Why Established Businesses Grow More Efficiently


New Consultant Challenges:

  • Must build awareness from zero

  • No reputation or referrals

  • Learning through trial and error

  • Competing on price initially


Established Consultant Advantages:

  • Referrals reduce acquisition costs

  • Reputation commands premium pricing

  • Proven systems and processes

  • Word-of-mouth marketing


The Referral Effect: An established consultant's $300 acquisition cost (from The 3 Metrics That Predict Your Business Future) versus a new consultant's $1,200 shows why burn multiples improve over time.


How to Improve Your Burn Multiple


For New Consultants:

  • Focus on networking over paid advertising

  • Track which activities generate clients

  • Identify your ICP (Ideal Customer Profile)

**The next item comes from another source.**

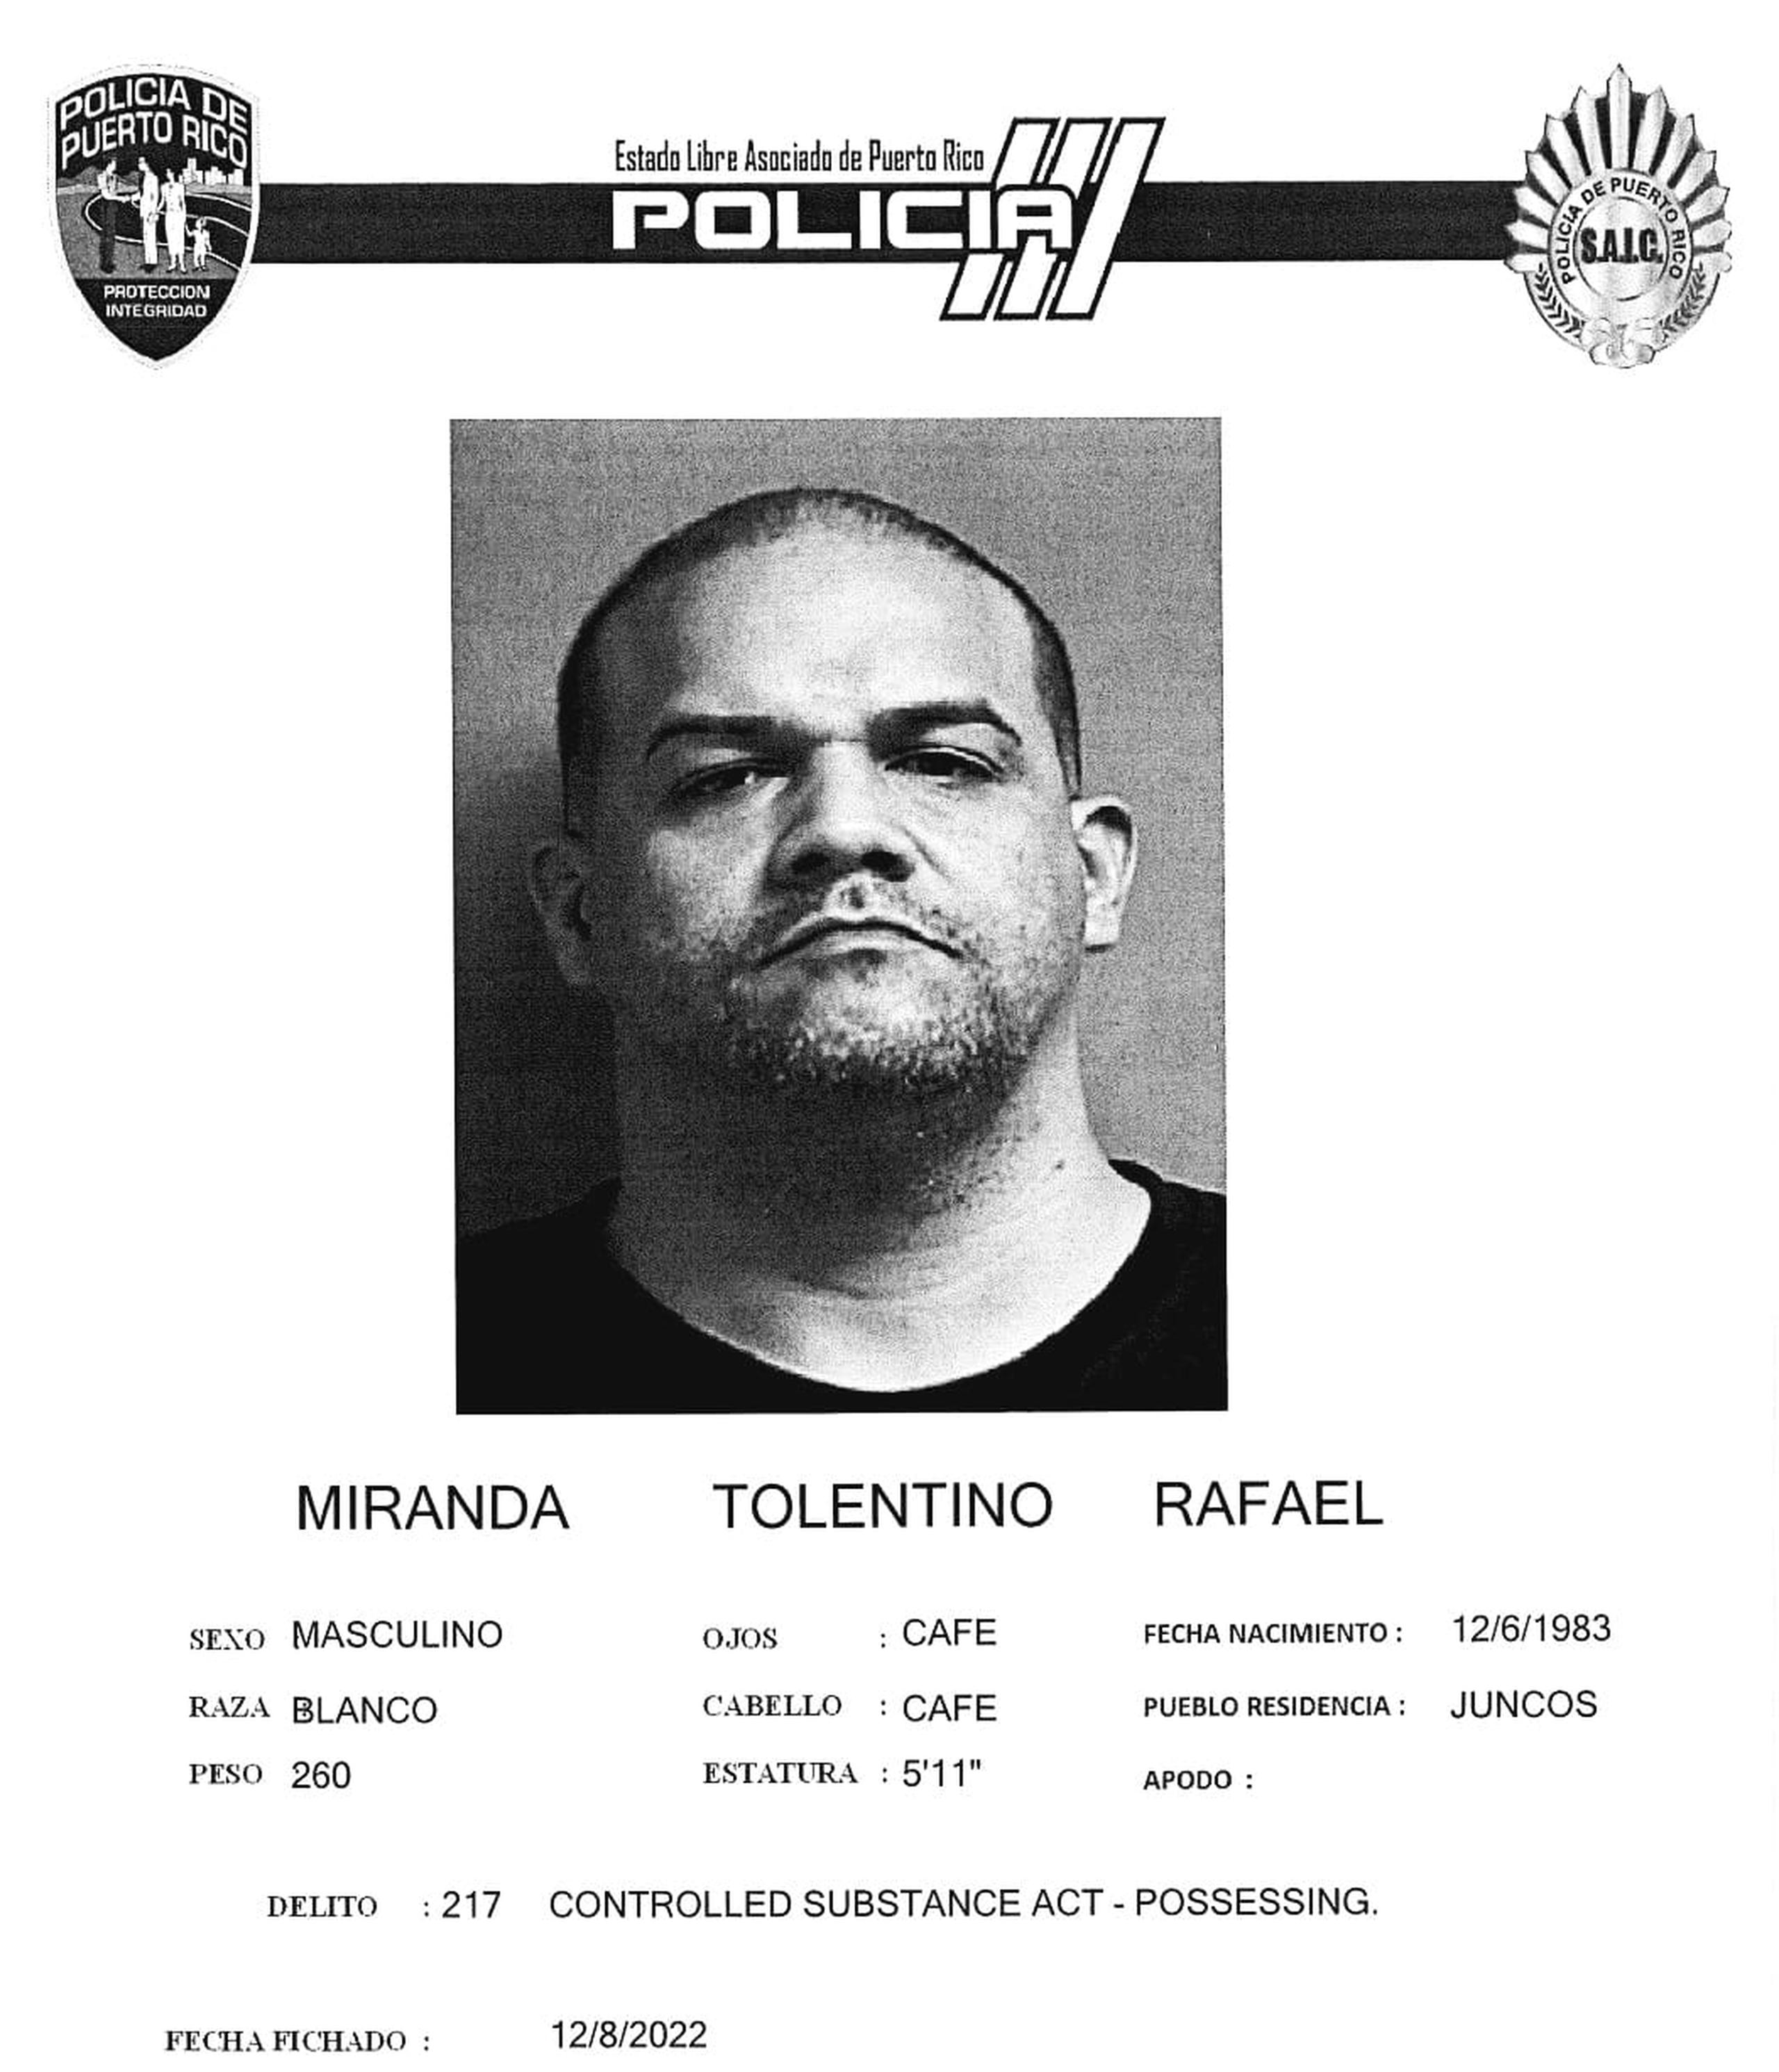 Rafael Miranda Tolentino de 38 años, alias Kikuet, ha sido identificado por el Negociado de la Policía como sospechoso de varios asesinatos.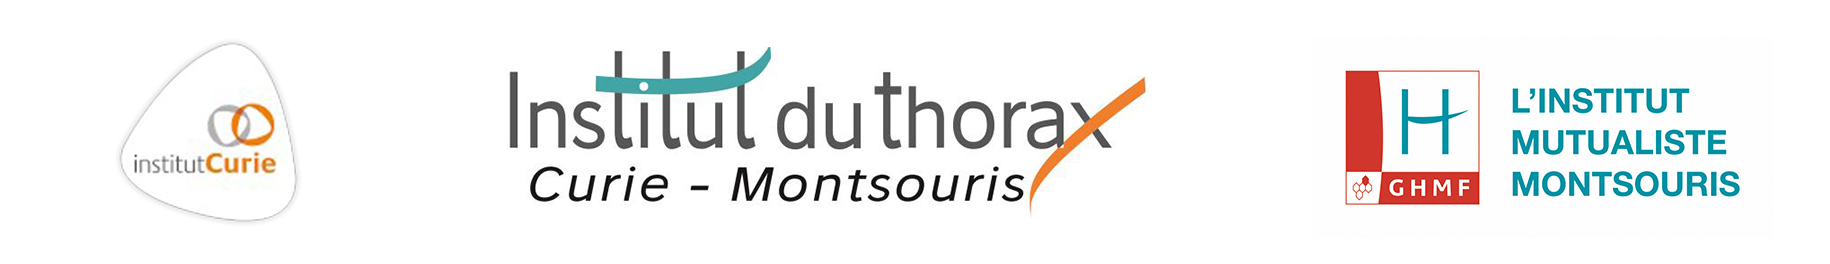 Institut du Thorax - Curie - Montsouris

  • Build case studies and testimonials quickly

  • Price for value, not just to win business


For Established Consultants:

  • Systematize referral generation

  • Invest in thought leadership

  • Raise prices regularly

  • Focus on client retention


For E-commerce:

  • Test small before scaling inventory

  • Focus on profitable products first

  • Optimize conversion before increasing traffic

  • Track customer acquisition cost by channel


The Long-Term View


Growth efficiency improves over time if you're building the right foundation:

Year 1: High burn multiple (learning and building)

Year 2-3: Improving efficiency (systems and reputation)

Year 4+: Low burn multiple (leverage and referrals)


The key is ensuring your burn multiple is trending downward, not upward.


What This Means for You


  • If your burn multiple is under 1.0: You're efficiently converting investment to growth. Scale up.

  • If your burn multiple is 1.0-1.5: Decent efficiency, but look for optimization opportunities.

  • If your burn multiple is above 1.5: Growth is getting expensive. Focus on efficiency before scaling.


The best entrepreneurs track burn multiple monthly. It's the difference between profitable growth and expensive hope.